A treacherous turn can result from a
strategic decision to play nice and build strength while weak in order to
strike later; but this model should not be interpreted too narrowly. For
example, an AI might not play nice in order that it be allowed to survive and
prosper. Instead, the AI might calculate that if it is terminated, the
programmers who built it will develop a new and somewhat different AI
architecture, but one that will be given a similar utility function. In this
case, the original AI may be indifferent to its own demise, knowing that its
goals will continue to be pursued in the future. It might even choose a
strategy in which it malfunctions in some particularly interesting or
reassuring way. Though this might cause the AI to be terminated, it might also
encourage the engineers who perform the postmortem to believe that they have
gleaned a valuable new insight into AI dynamics— leading them to place more
trust in the next system they design, and thus increasing the chance that the
now-defunct original AI’s goals will be achieved. Many other possible strategic
considerations might also influence an advanced AI, and it would be hubristic
to suppose that we could anticipate all of them, especially for an AI that has
attained the strategizing superpower.
A treacherous turn could also come
about if the AI discovers an unanticipated way of fulfilling its final goal as
specified. Suppose, for example, that an AI’s final goal is to “make the
project’s sponsor happy.” Initially, the only method available to the AI to achieve
this outcome is by behaving in ways that please its sponsor in something like
the intended manner. The AI gives helpful answers to questions; it exhibits a
delightful personality; it makes money. The more capable the AI gets, the more
satisfying its performances become, and everything goeth according to plan—
until the AI becomes intelligent enough to figure out that it can realize its
final goal more fully and reliably by implanting electrodes into the pleasure
centers of its sponsor’s brain, something assured to delight the sponsor
immensely. Of course, the sponsor might not have wanted to be pleased by being
turned into a grinning idiot; but if this is the action that will maximally
realize the AI’s final goal, the AI will take it. If the AI already has a
decisive strategic advantage, then any attempt to stop it will fail. If the AI
does not yet have a decisive strategic advantage, then the AI might temporarily
conceal its canny new idea for how to instantiate its final goal until it has
grown strong enough that the sponsor and everybody else will be unable to
resist. In either case, we get a treacherous turn.

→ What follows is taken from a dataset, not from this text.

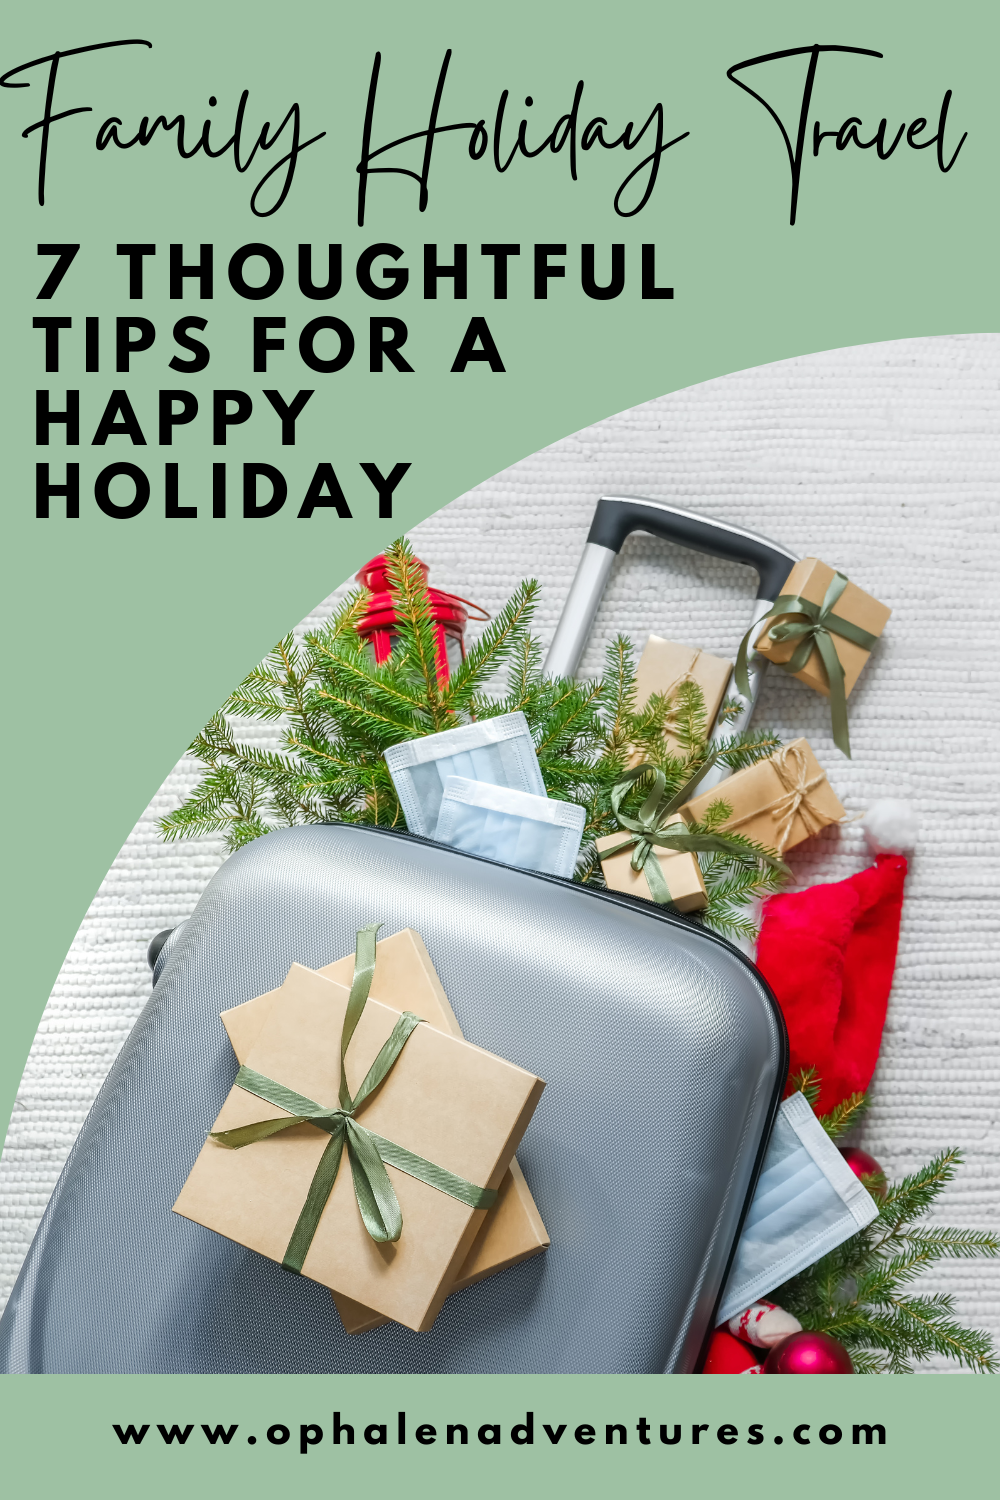 Family Holiday Travel: 7 Thoughtful Tips for a Happy Holiday

Bostrom, Nick. Superintelligence: Paths, Dangers, Strategies
(pp. 117-119). OUP Oxford.
Kindle Edition.
DQs
1. One of the issues we face with AI is that nothing like it has been done before. What are some other ways our history fails to be a predictor of the dangers we could face from superintelligence?
2. The example of smile-inducing electrodes is a case of something called "perverse instantiation," wherein an artificial intelligence finds a 'better' way to achieve its goals than its creators intended, often to disastrous results. Do you think it's possible to anticipate these perversions and account for them when setting an AI's goals, or is it a hopeless task?